The microarray technique is thus analogous to performing many PCR reactions and hybridization reactions at the same time and has the advantage of being versatile [16]. The aim of this study was to develop a diagnostic microarray for the identification of single strains of food-borne fungi that are most prevalent in South African Selleck GSK1838705A food commodities, and to detect the ability of these fungi to produce
mycotoxins in laboratory and food samples. A total of 40 food-borne fungi isolated from different foods that belong to the genera Alternaria, Aspergillus, Bipolaris, Claviceps, Curvularia, Diplodia, Drechslera, Eurotium, Fusarium, Penicillium and Pithomyces, were used. For fungal discrimination, the polymorphisms of the internal transcribed spacer (ITS) regions and the elongation factor 1- alpha (EF-1 α) gene were exploited for the design of the oligonucleotide probes. The specificity of a probe was increased in some instances by substituting an oligonucleotide with a high affinity DNA analogue known as MI-503 concentration locked nucleic acid (LNA). A locked nucleic acid nucleotide analogue consists of a 2′-O,4′-C methylene bridge and locks the LNA structure into a rigid bicyclic formation and displays unprecedented hybridization affinity towards complementary DNA and RNA [17]. It is most disruptive, and thus gives a better signal, in a centre position.

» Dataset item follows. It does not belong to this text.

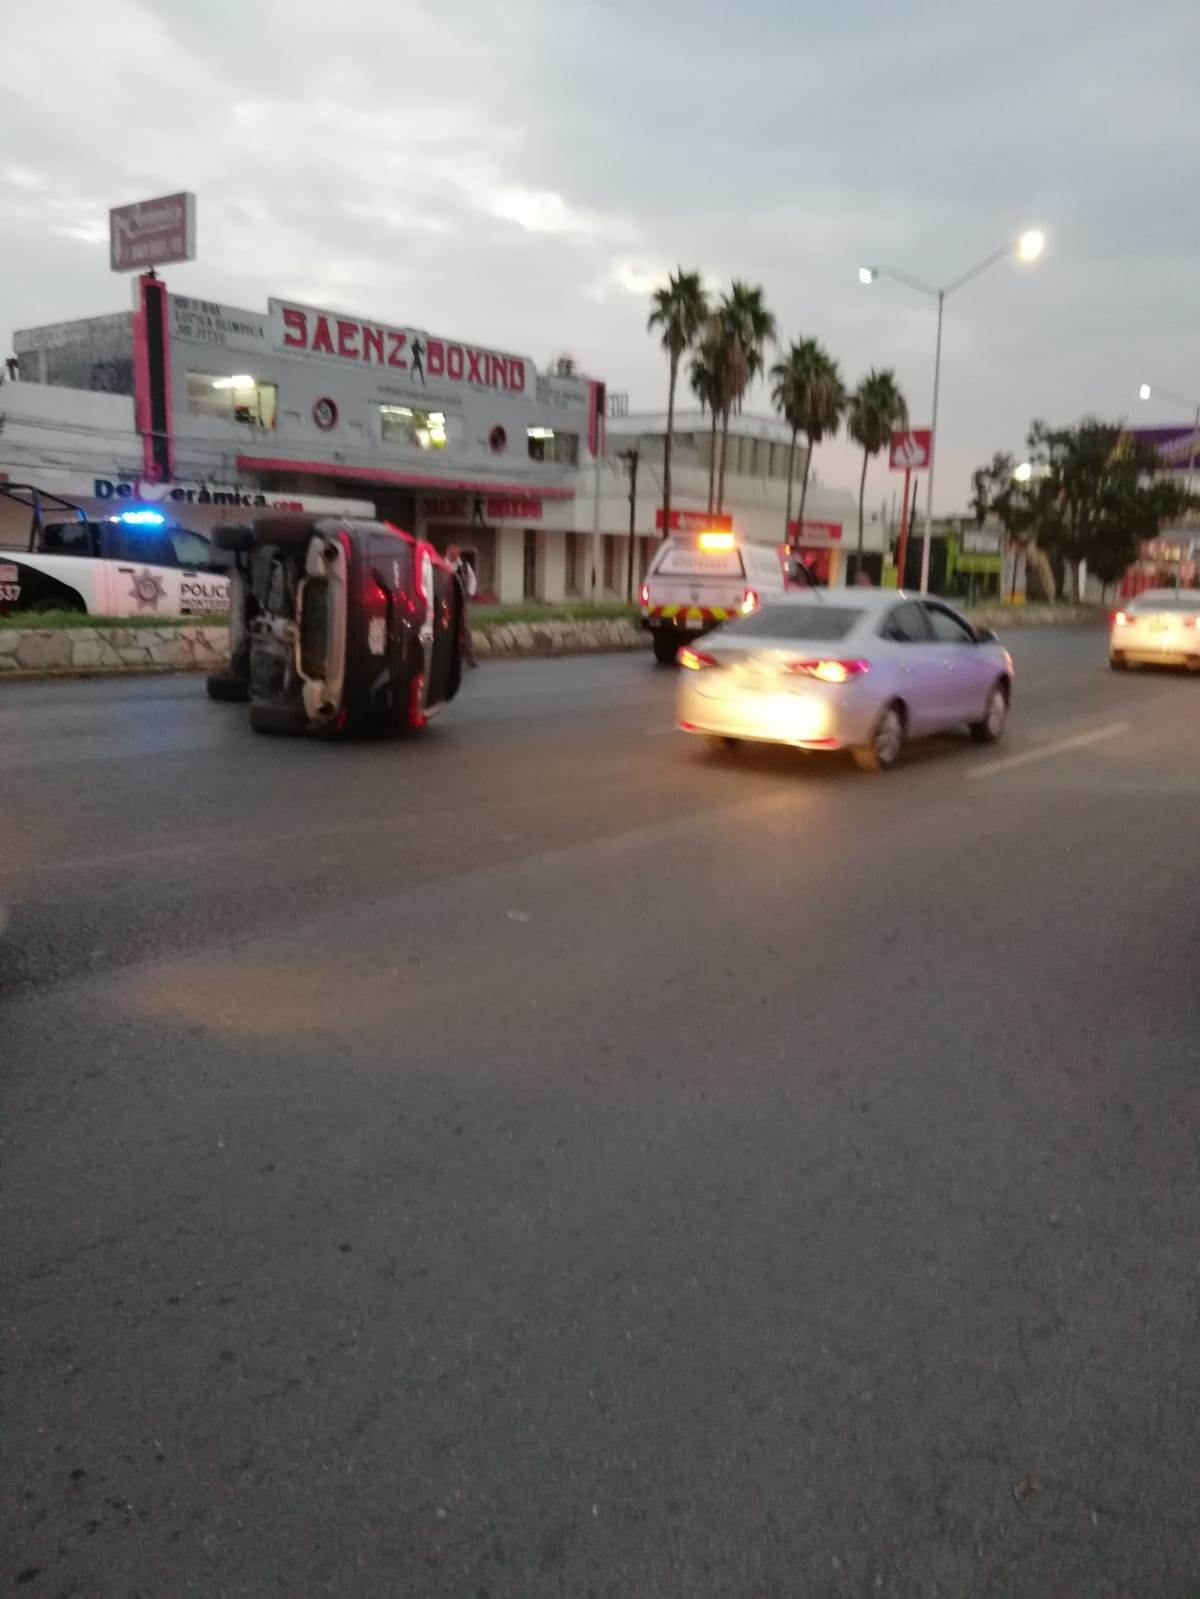 Una camioneta conducida por una mujer terminó volcada después de ser impactada por otro vehículo

For the detection
of fungi that can produce mycotoxins, oligonucleotide probes for the genes leading to mycotoxin production were selected
from public databases and included in the oligonucleotide array. The combination of ITS, EF-1 Cyclosporin A order α and mycotoxin genes on the same array was evaluated for the potential of the array to identify the forty fungal isolates and the genes involved in pathways leading to toxin production. Results Probe design A 96-probe oligonucleotide microarray was constructed for the simultaneous Farnesyltransferase detection and identification of potentially mycotoxigenic fungi. Probes for the array were designed by exploiting the polymorphisms of the internal transcribed spacer (ITS) regions of the rRNA complex. Amplification of fungal DNA with the universal fungal primers ITS1 and ITS4 and subsequent sequence analysis allowed the differentiation of most of the fungal species studied. Several unique polymorphisms (sequence data can be found in GenBank with accession numbers [GenBank:FJ864706, GenBank:FJ864709, GenBank:FJ864710, GenBank:FJ864708, GenBank:FJ864711, GenBank:FJ864703, GenBank:FJ864704, GenBank:FJ864705, GenBank:FJ864707, and GenBank:FJ864712]) could be identified within the PCR products generated for each fungal species. However, amplification of the Fusarium species showed no significant differences between the sequences of the PCR products generated with the ITS primers. Therefore, the elongation factor 1-alpha (EF-1 α) gene was used for the identification of polymorphisms in Fusarium species and for the design of unique species- or genus-specific probes.